Crude oil prices rebounded from the lowest closing levels since May 2009 as comments from Saudi Arabia’s oil minister yesterday added to the most volatile market in three years.
West Texas Intermediate climbed as much as 4 percent in New York and Brent 2.9 percent in London. A measure of expected WTI futures movements and a gauge of options value was at the highest level since October 2011, data compiled by Bloomberg show.
While Ali Al-Naimi, Saudi Arabia’s oil minister, said yesterday that a slump in prices was temporary, he also said it would be “difficult, if not impossible” for OPEC to curb its oil production amid a glut, the Saudi Press Agency reported. Prices rose immediately after his remarks, before ending the day at the lowest in five years. The nation accounted for about 13 percent of global oil output last year, BP Plc estimates.
“Oil continues to find value buyers when it falls to these levels,” said John Kilduff, a partner at Again Capital LLC, a New York-based hedge fund that focuses on energy. “This is still a weak market. We’re looking at more supply, not less.”
WTI for January delivery rose $1.99, or 3.7 percent, to $56.10 a barrel at 10:57 a.m. on the New York Mercantile Exchange. The contract, which expires today, fell 4.2 percent to $54.11 yesterday. The more active February future gained $1.71 to $56.07. Prices have decreased 43 percent this year.
Brent for February settlement increased $1.46, or 2.5 percent, to $60.73 a barrel on the London-based ICE Futures Europe exchange. It slid $1.91 to $59.27 yesterday. The European benchmark crude traded at a $4.66 premium to WTI for February delivery.
Crude has slumped about a quarter since Saudi Arabia led a decision last month by the Organization of Petroleum Exporting Countries to maintain its collective output target. U.S. oil producers continue to pump at record levels, contributing to a global glut and competing with the 12-member group for market share.
Implied volatility for at-the-money options in the front- month WTI contract increased to more than 51 percent today, data compiled by Bloomberg show. Brent volatility is also at the highest since 2011.
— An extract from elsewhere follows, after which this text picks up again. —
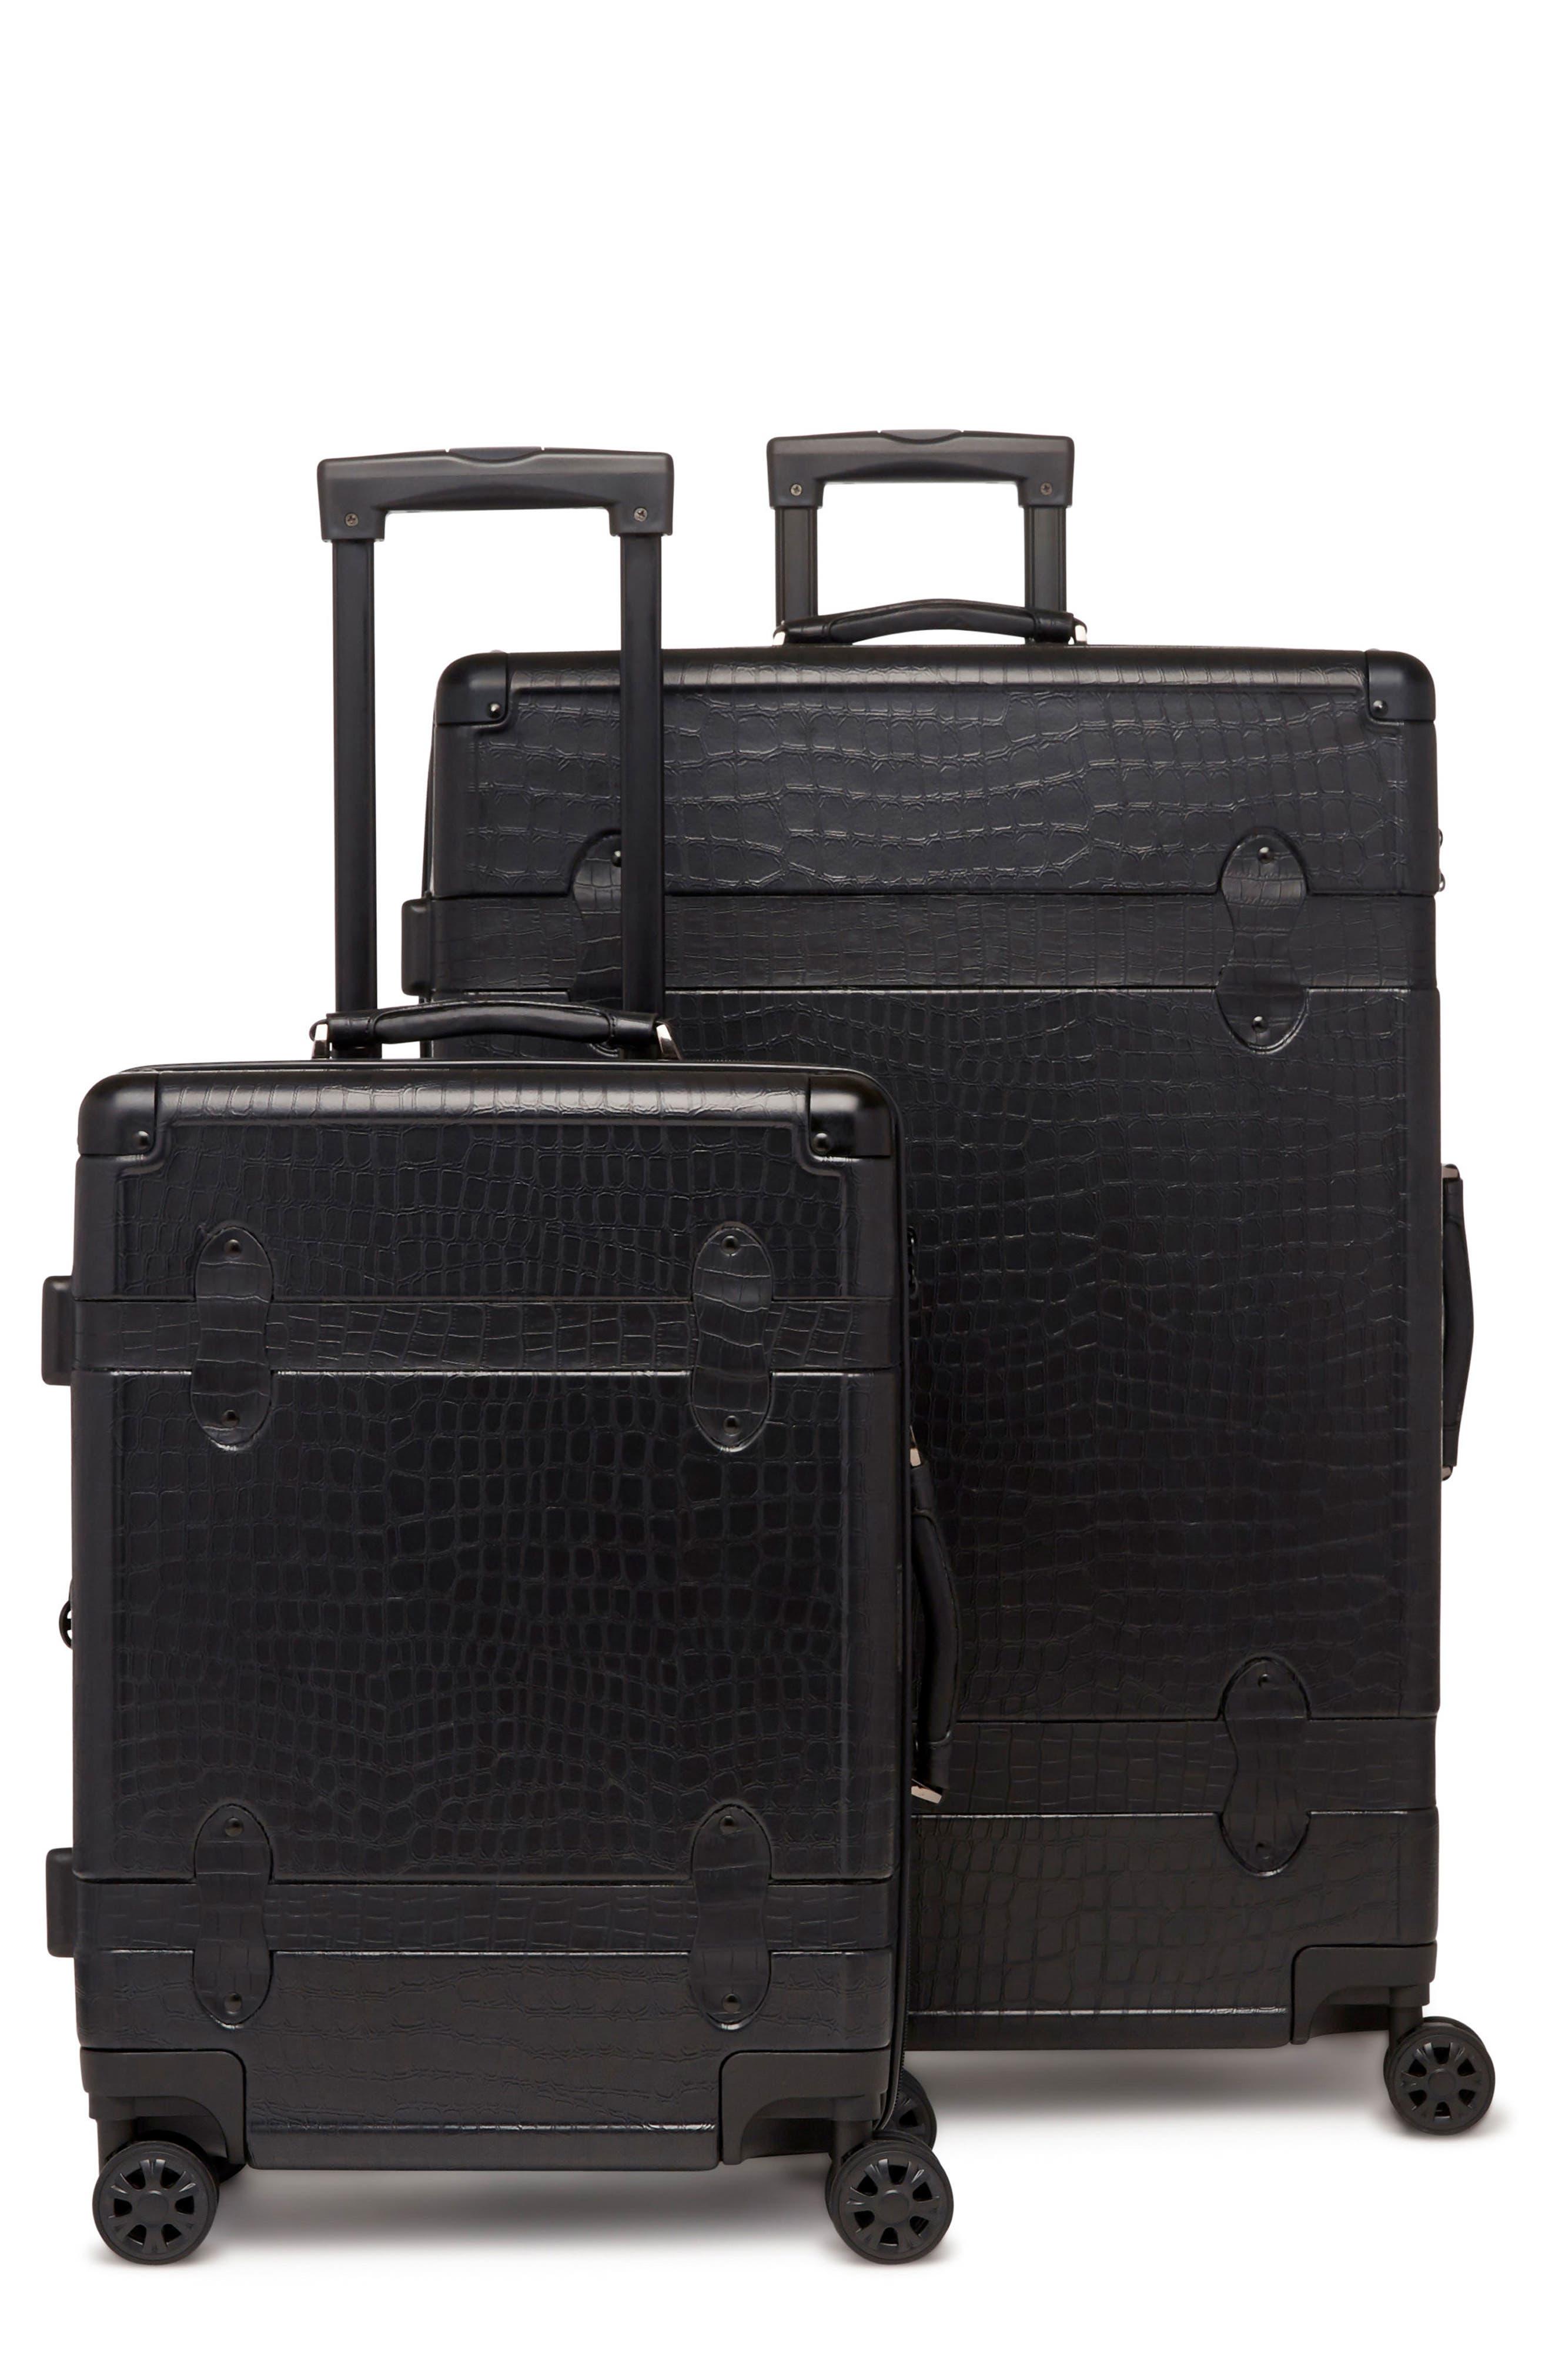 CALPAK 22-Inch & 30-Inch Trunk Rolling Luggage Set

Oil markets are experiencing “temporary” instability caused mainly by a slowdown in the world economy, Al-Naimi said, according to comments published yesterday by the Saudi Press Agency. Steady global economic expansion will resume, spurring demand, according to the minister, leading him to be “optimistic about the future.”
OPEC shouldn’t be expected to cut output while other producers continue to expand, United Arab Emirates Energy Minister Suhail al-Mazrouei said on Dec. 14. The group will refrain from cutting output even if oil prices fall as low as $40 a barrel and will wait at least three months before considering an emergency meeting, al-Mazrouei.
“Naimi appeared to be relaxed in his comments,” said Phil Flynn, senior market analyst at the Price Futures Group in Chicago. “His colleague from the UAE was a lot more enlightening. He called out the U.S. shale producers.”
OPEC, which supplies about 40 percent of the world’s oil, pumped 30.56 million barrels a day of crudein November, a Bloomberg survey of companies, producers and analysts shows. That exceeded its collective target of 30 million for a sixth straight month.